Preface:
I've been working with SAS for 20 years but slightly longer with sql and databases. So when I need to join data, I use proc sql. But SAS is a multi-headed beast (or maybe a multi-function tool like a Leatherman) and I think there is a data step/merge technique that can help me. I'm reaching out before jumping right into the code because I'm afraid of being bitten in the backside by one of SAS's many heads. (It's happened before so once bitten, twice shy.)
Here's the problem: My data comes from a third party and is not well conditioned.
I have a dataset of orders that have an ID (a unique key) and some other fields that can identify a row (part number, order time, and quantity) but not uniquely. I also have a dataset of order cancellations, but they do not refer back to the order ID being cancelled, instead the cancellation contains some of the non-unique fields (part number and quantity). It is true, however, that an order can only be cancelled once and that a cancellation refers to only one order (i.e. cancellations get used up once they cancel their order).
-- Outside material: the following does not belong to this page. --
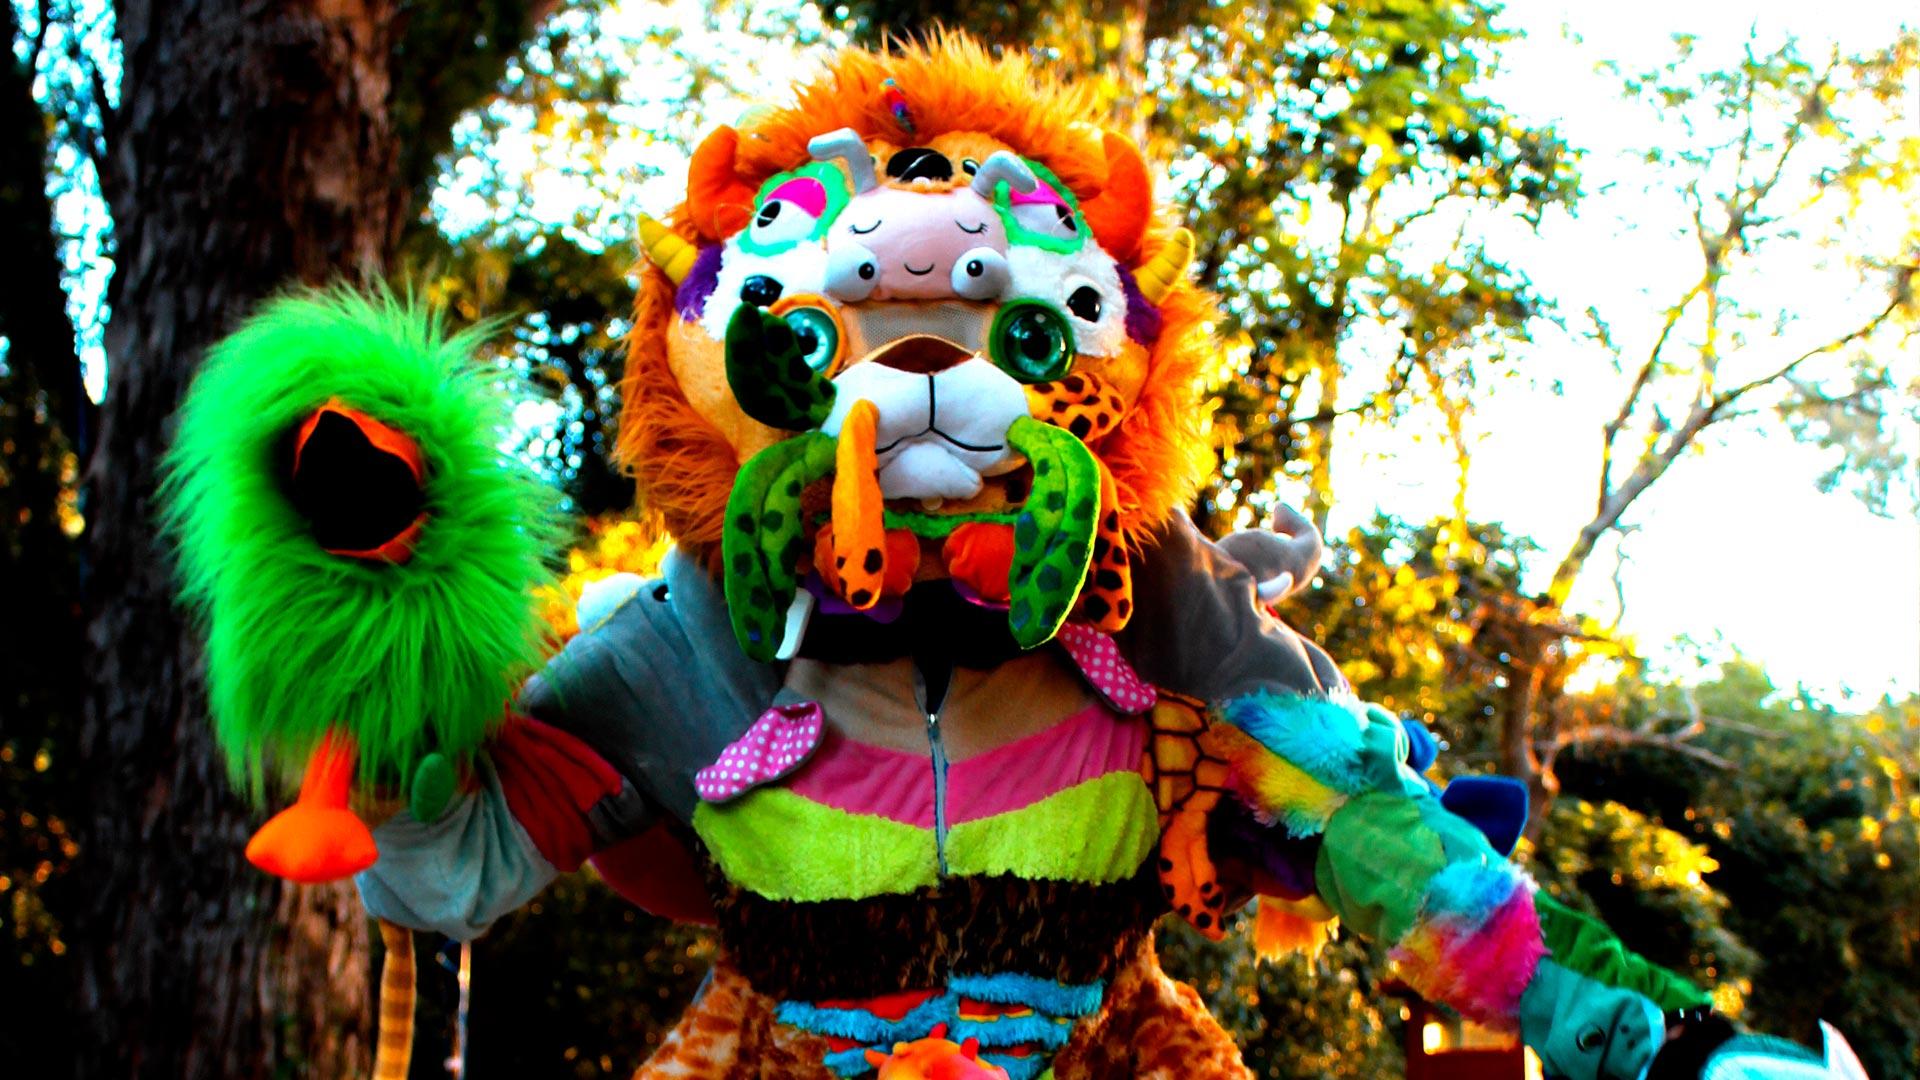 Jungle Love Festival Stuffed toy character costume

You can see how sql (left) joining cancellations to orders on part number and qty won't work: the non-uniqueness will cause a multiplicity in the output. But you can also see how one could match a cancel to its order, say, by matching it with the oldest order that has the same part number and quantity and marking both the order and cancellation as "matched" so they will not match again. This requires a kind of loop that sql does not do, but that a crafty data step probably does well. But I've avoided crafty data steps (mostly because I used to work with data designed to work in sql databases) until now and lack the craft.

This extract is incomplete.